» **Data below**
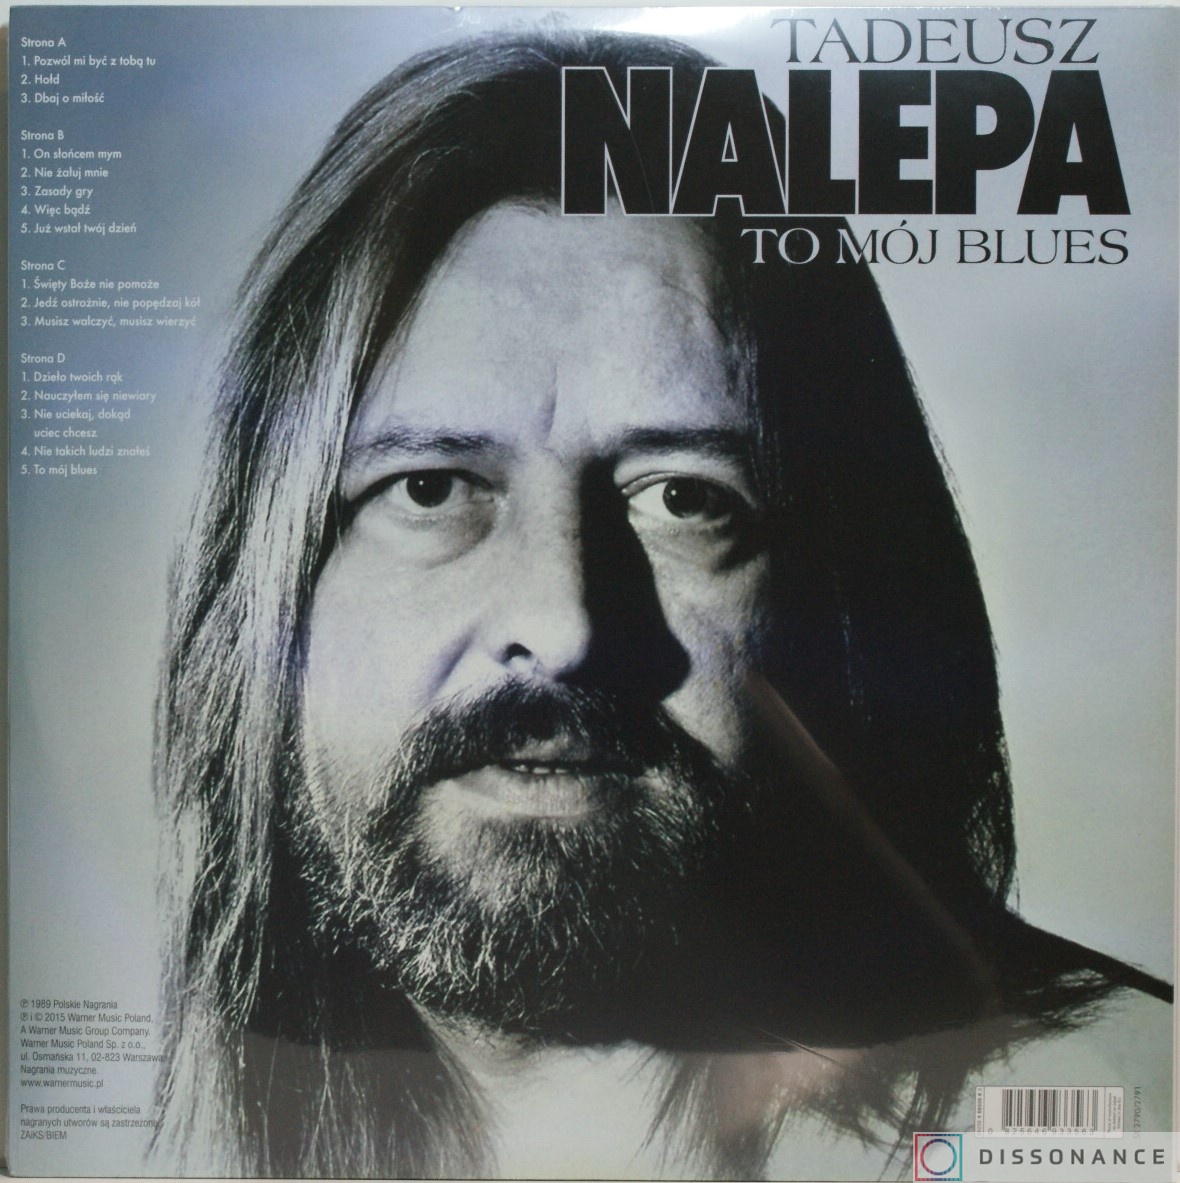 Виниловая пластинка Tadeusz Nalepa - To Moj Blues (1989) - фото 1
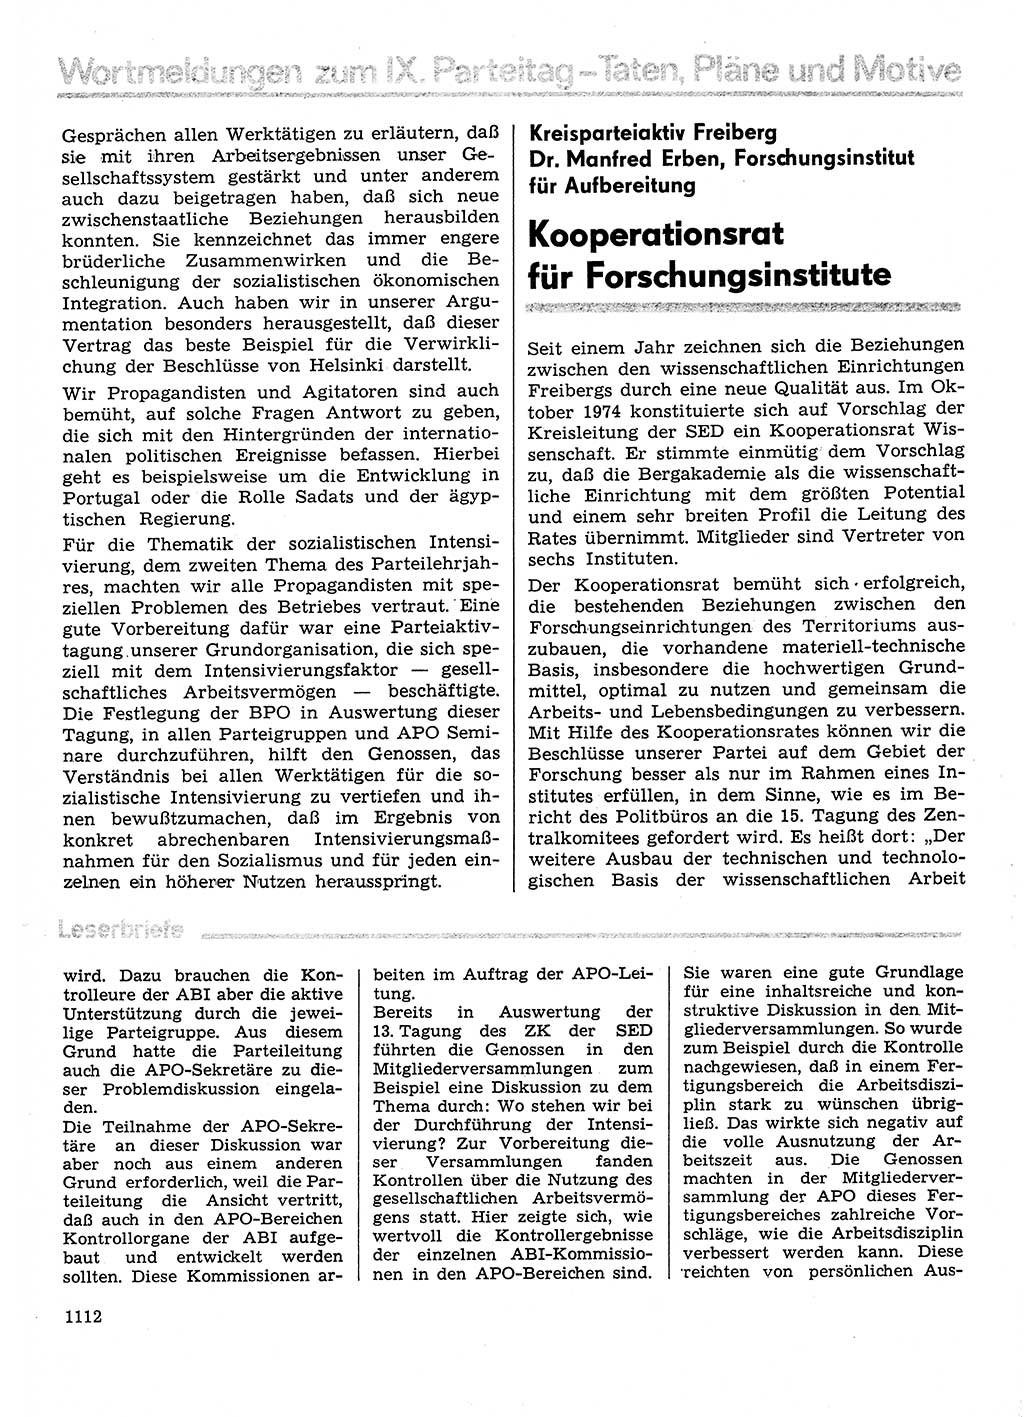 Neuer Weg (NW), Organ des Zentralkomitees (ZK) der SED (Sozialistische Einheitspartei Deutschlands) für Fragen des Parteilebens, 30. Jahrgang [Deutsche Demokratische Republik (DDR)] 1975, Seite 1112 (NW ZK SED DDR 1975, S. 1112)
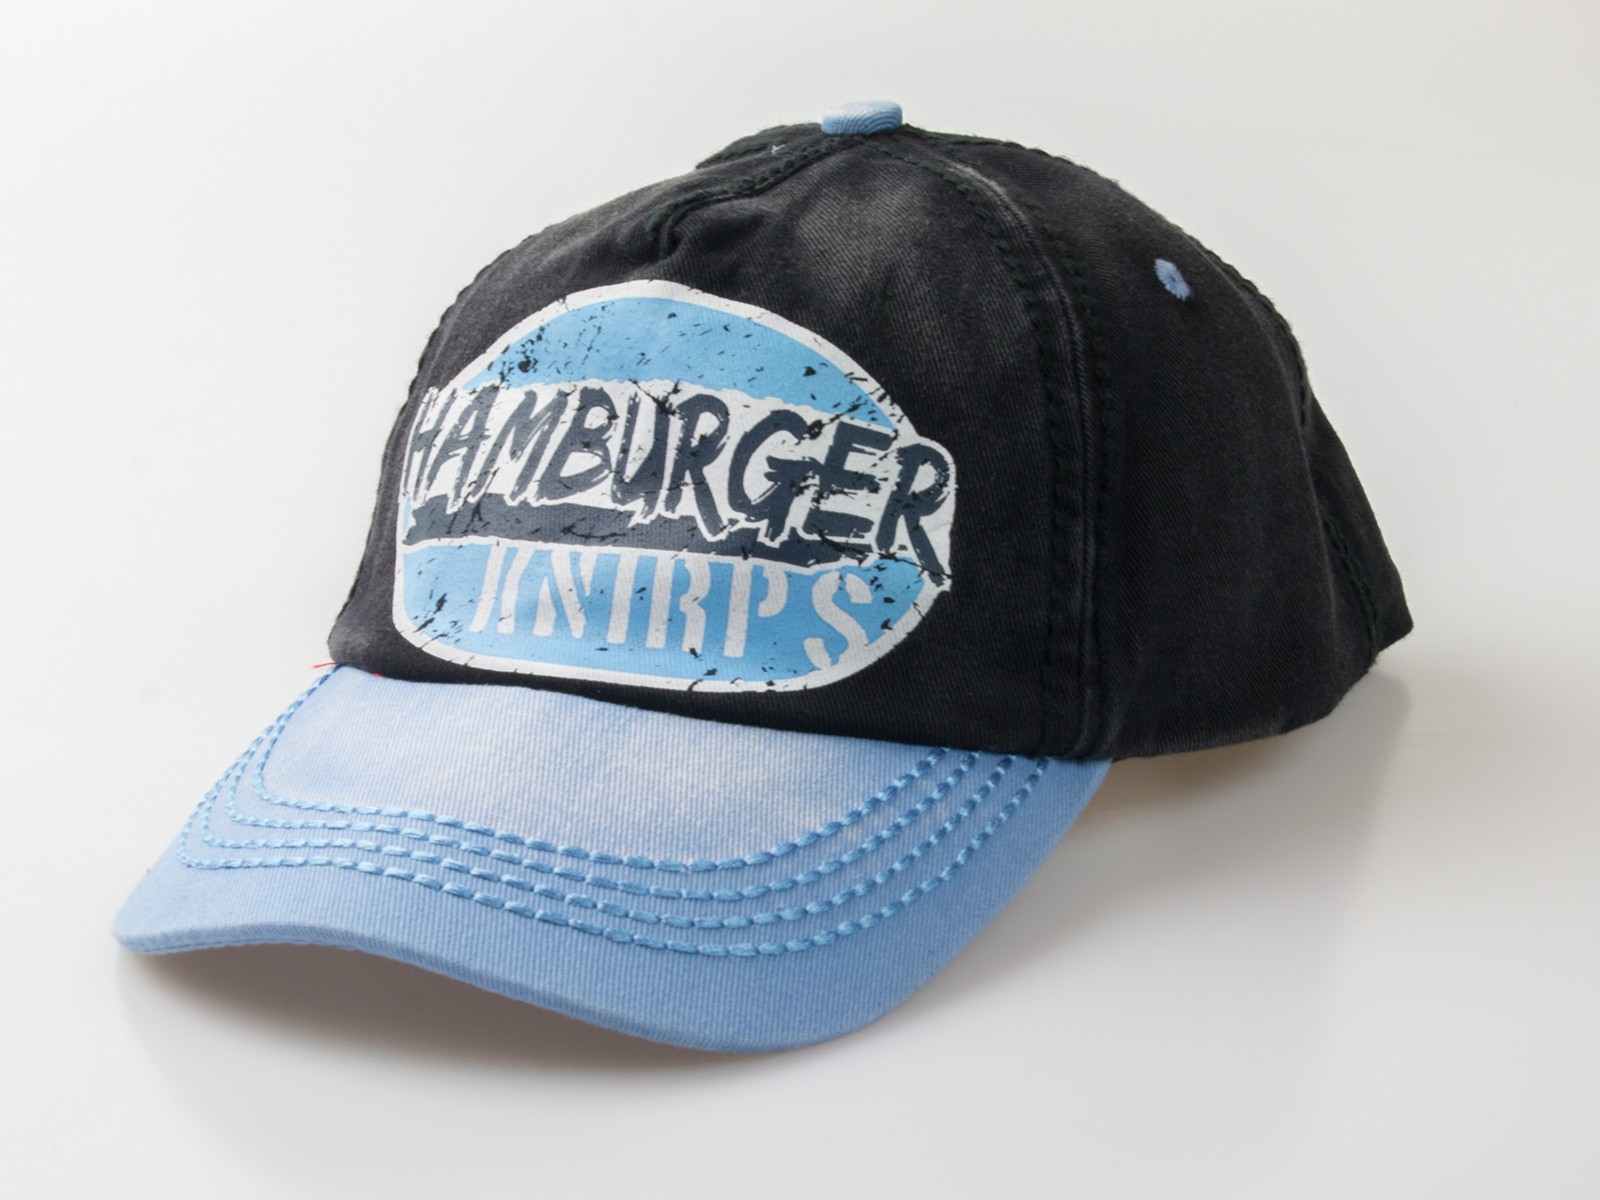 Baseball-Cap "Hamburger Knirps"
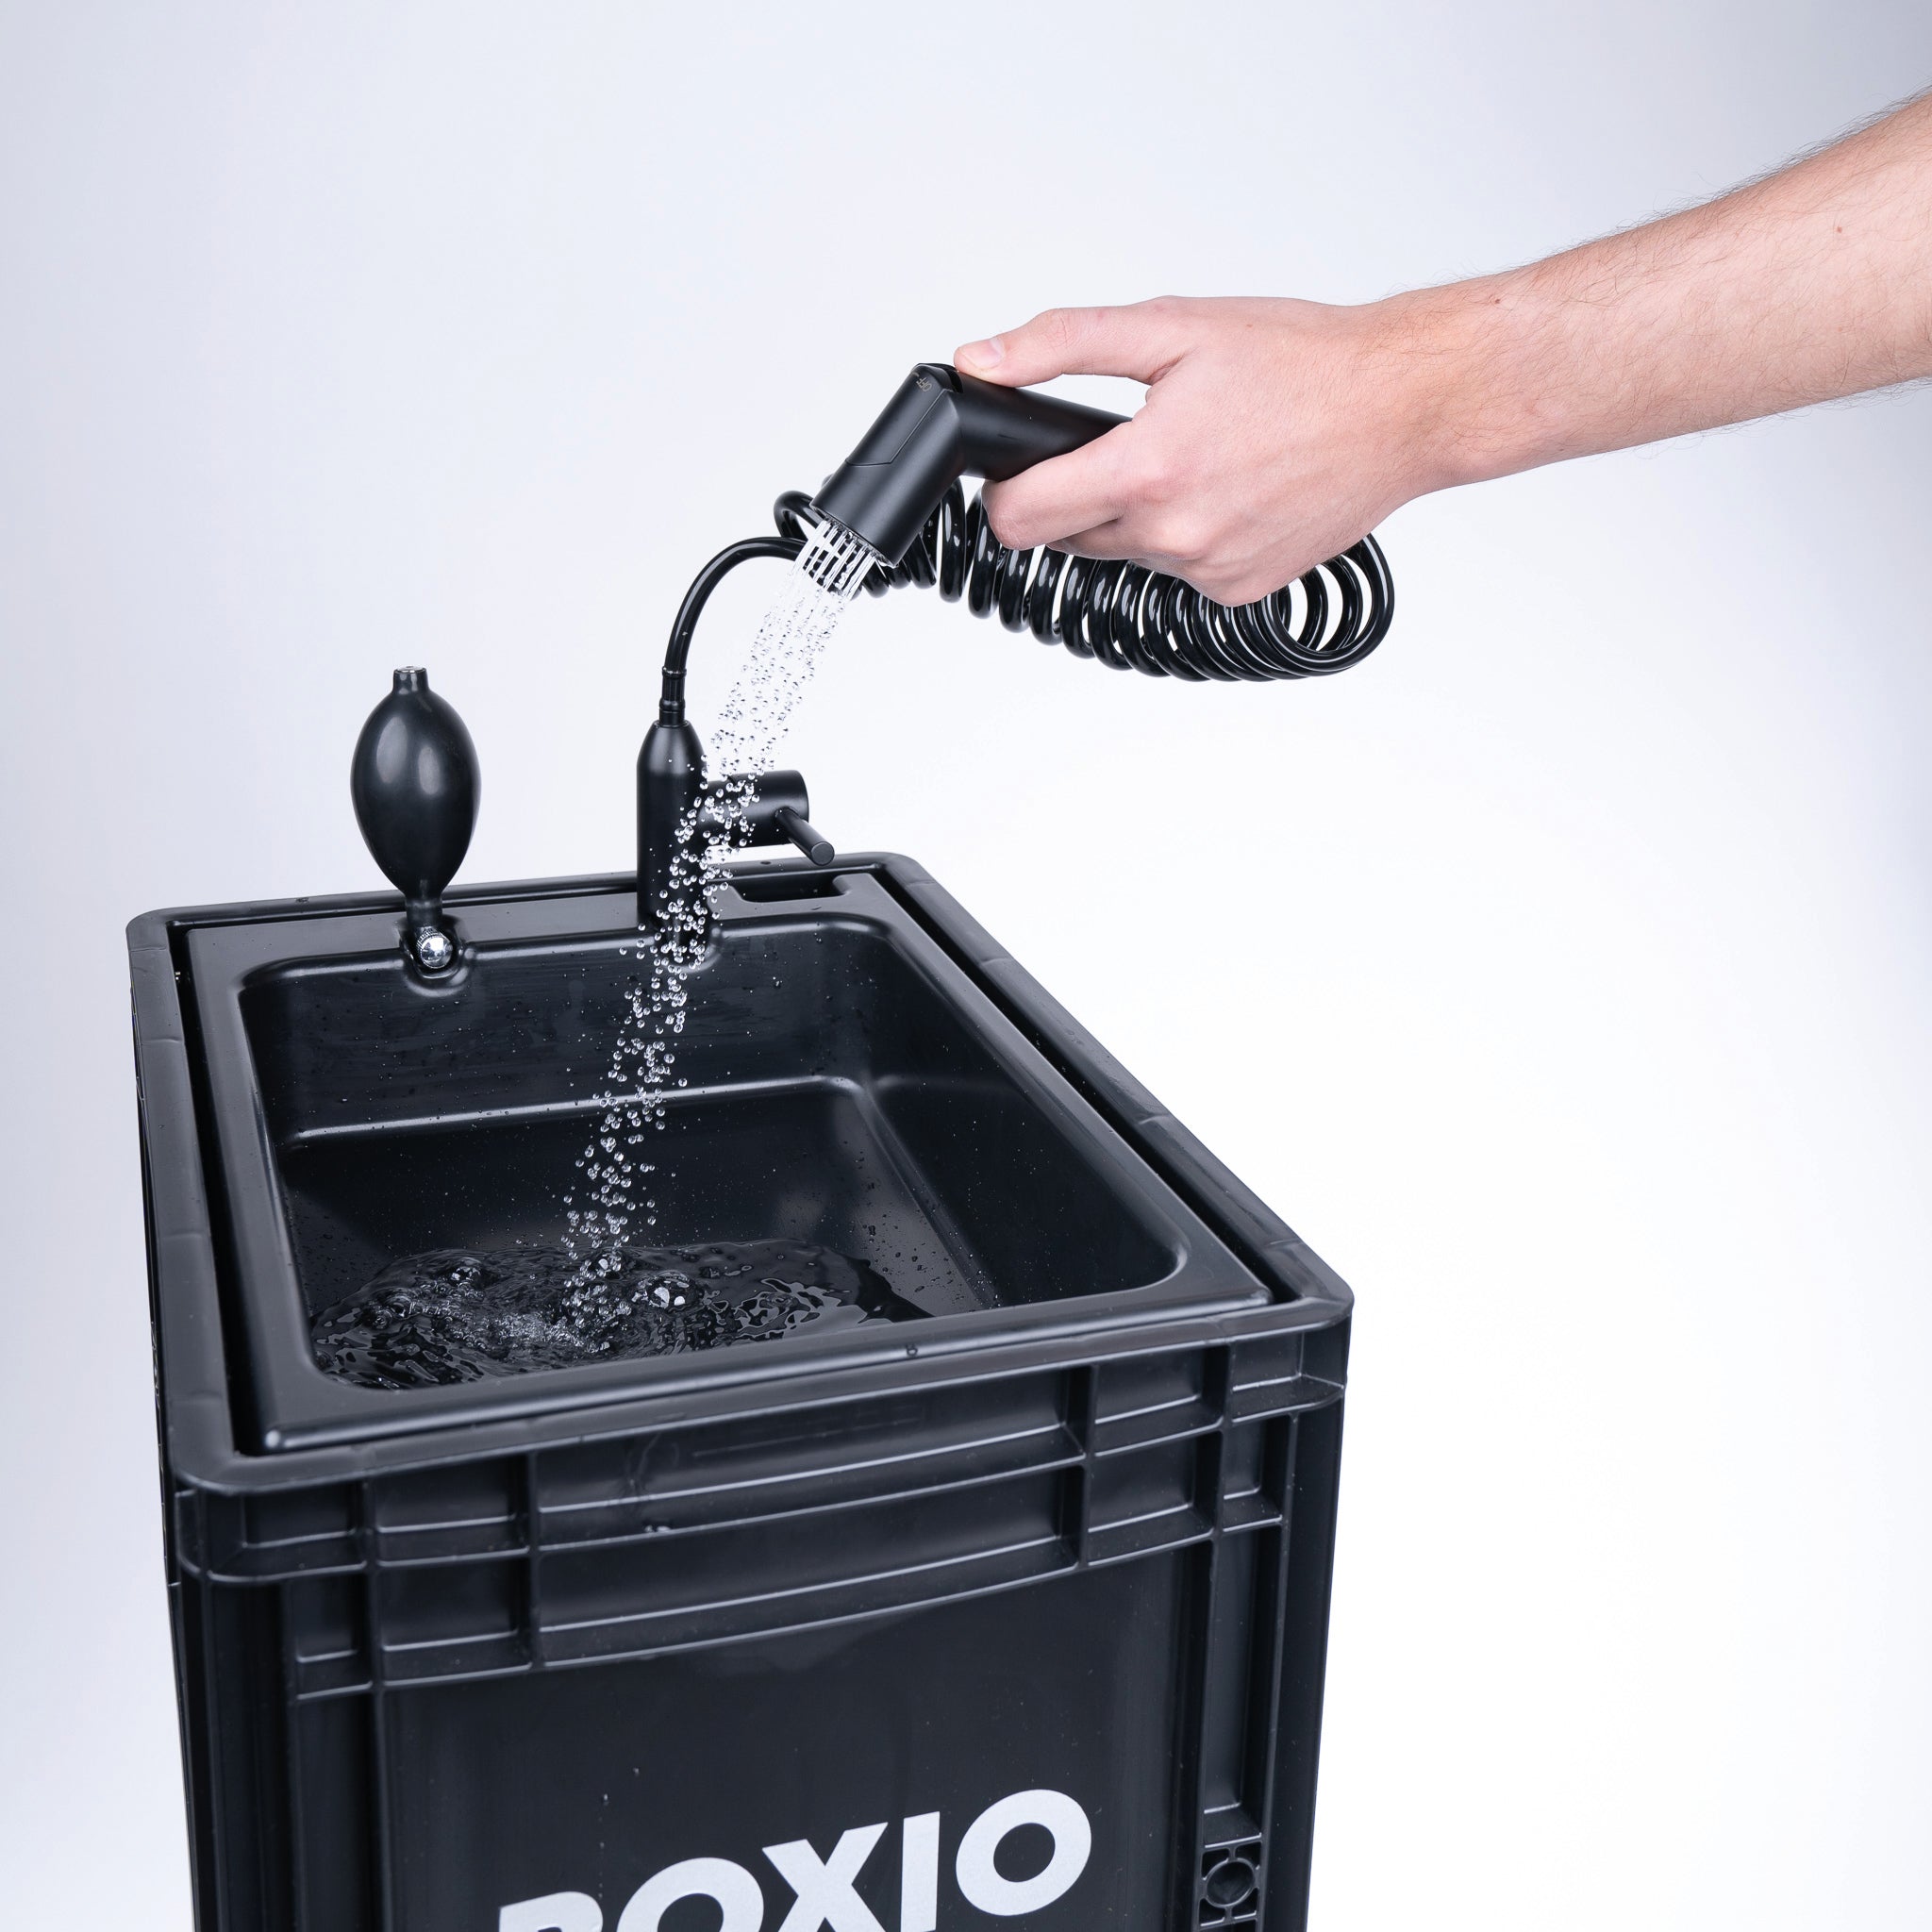 BOXIO - WASH  Mobiles waschbecken, Waschbecken, Waschbecken kaufen

» **What is being asked**
The whole of the data above needs retyping exactly, with pictures omitted.

» **Solved problem**
 Виниловая пластинка Tadeusz Nalepa - To Moj Blues (1989) - фото 1
 Neuer Weg (NW), Organ des Zentralkomitees (ZK) der SED (Sozialistische Einheitspartei Deutschlands) für Fragen des Parteilebens, 30. Jahrgang [Deutsche Demokratische Republik (DDR)] 1975, Seite 1112 (NW ZK SED DDR 1975, S. 1112)
 Baseball-Cap "Hamburger Knirps"
 BOXIO - WASH  Mobiles waschbecken, Waschbecken, Waschbecken kaufen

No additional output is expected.